Since a second-order term purporting to denote an n-ary relation can
contain bound variables ranging over all such relations and a higher-order
term can contain bound variables ranging over arbitrary types, the definition
of general models is highly impredicative.  Consequently, it is not clear
from the definition whether any sparse models exist.

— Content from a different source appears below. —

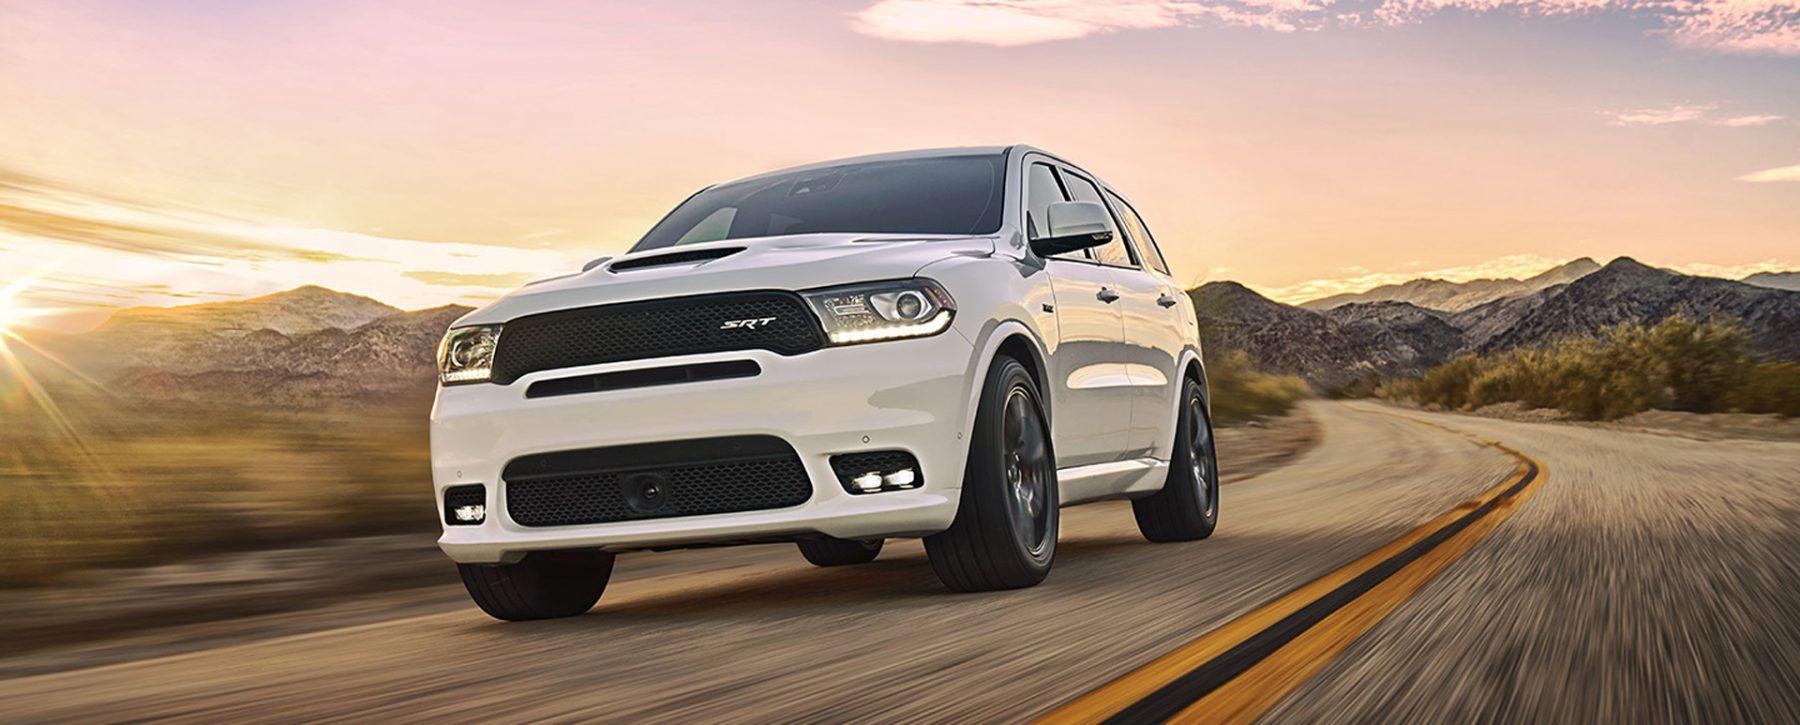 White Dodge Durango SRT runs on the road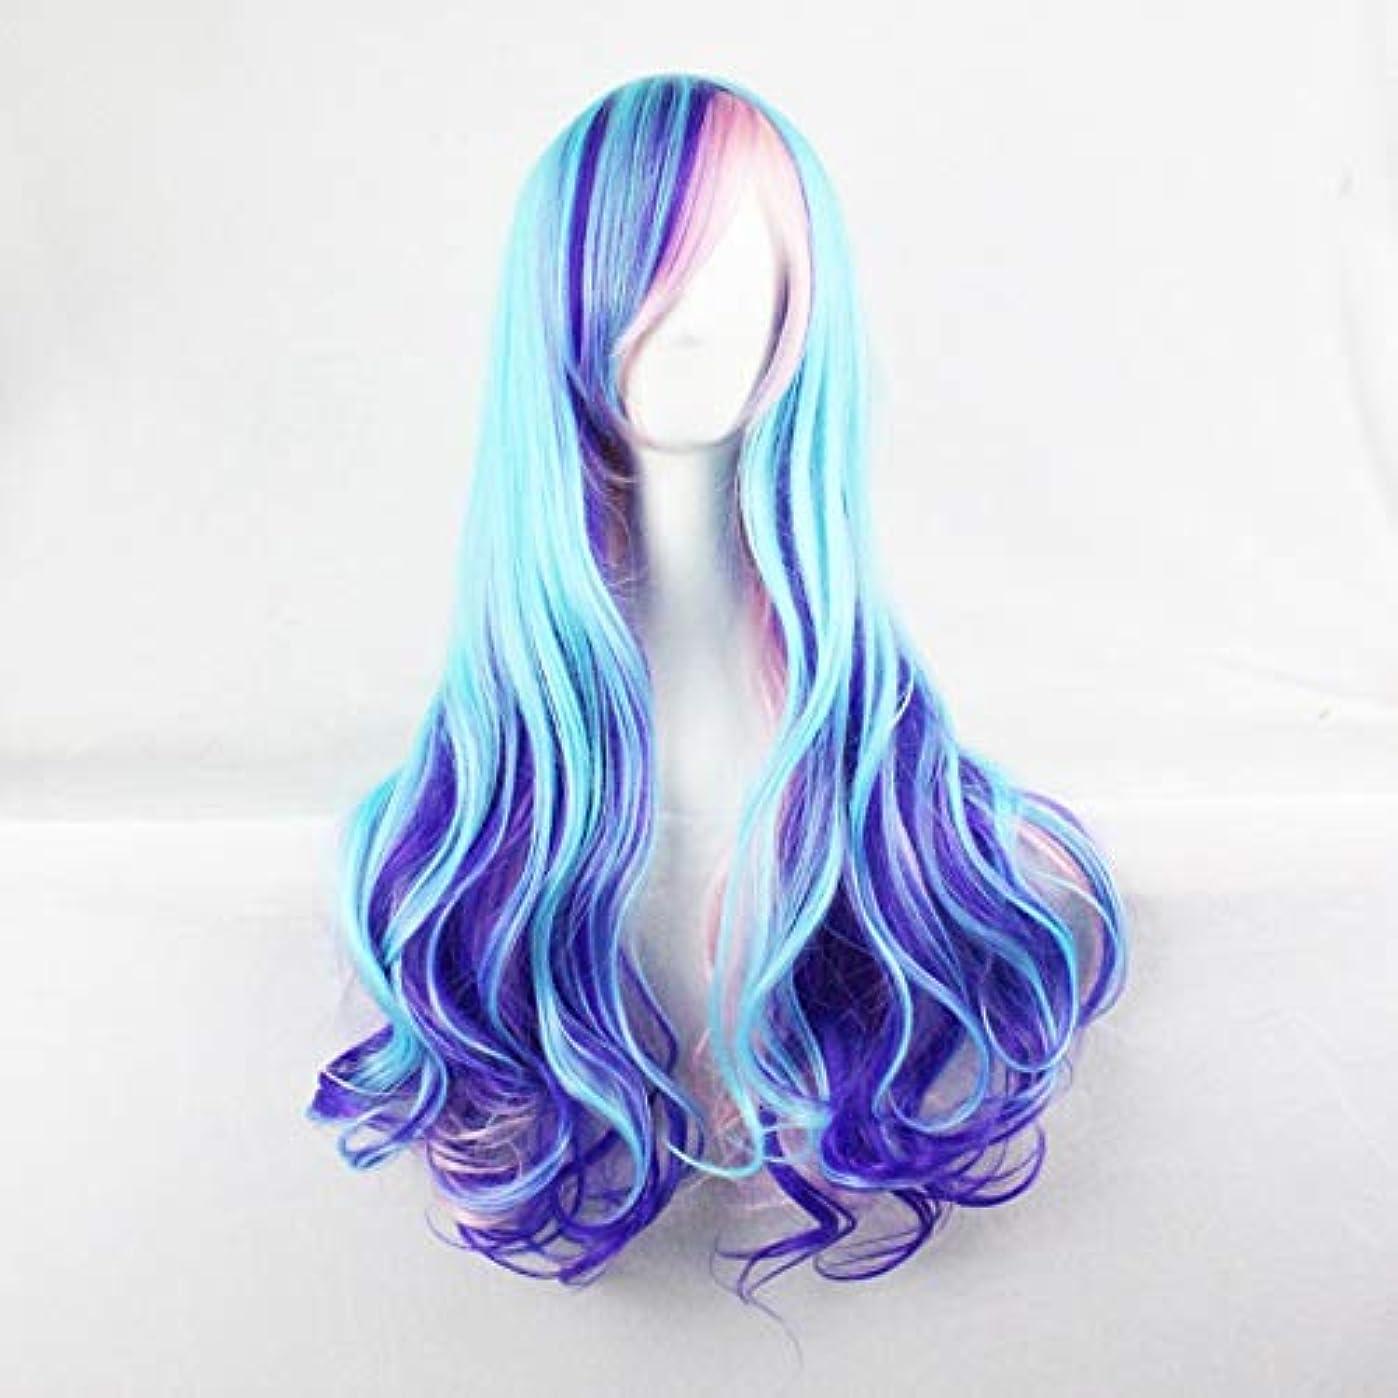 ミスペンド週間桁かつらキャップでかつらファンシードレスカールかつら女性用高品質合成毛髪コスプレ高密度かつら女性&女の子ブルー、ピンク、パープル (Color : 青)

Henkin proved that, in fact, there are sparse models.  Indeed, he showed
that there are enough of them to yield a strong completeness theorem for
second-order and higher-order logic --- not only are the formulas valid
in the class of general models theorems according to the usual axioms
and rules of second-order and higher-order logic, but, in a given theory,
every formula implied by a specified set of hypotheses is derivable from
that set of hypotheses.  Henkin established this by showing that every
consistent set of (closed) formulas has a model.  Combining the strong
completeness theorem with soundness enabled him to prove the compactness
theorem for second-order and higher-order logic, and the model existence
theorem used as a lemma in the proof of the completeness result also
yielded the Lowenheim-Skolem theorem as a corollary.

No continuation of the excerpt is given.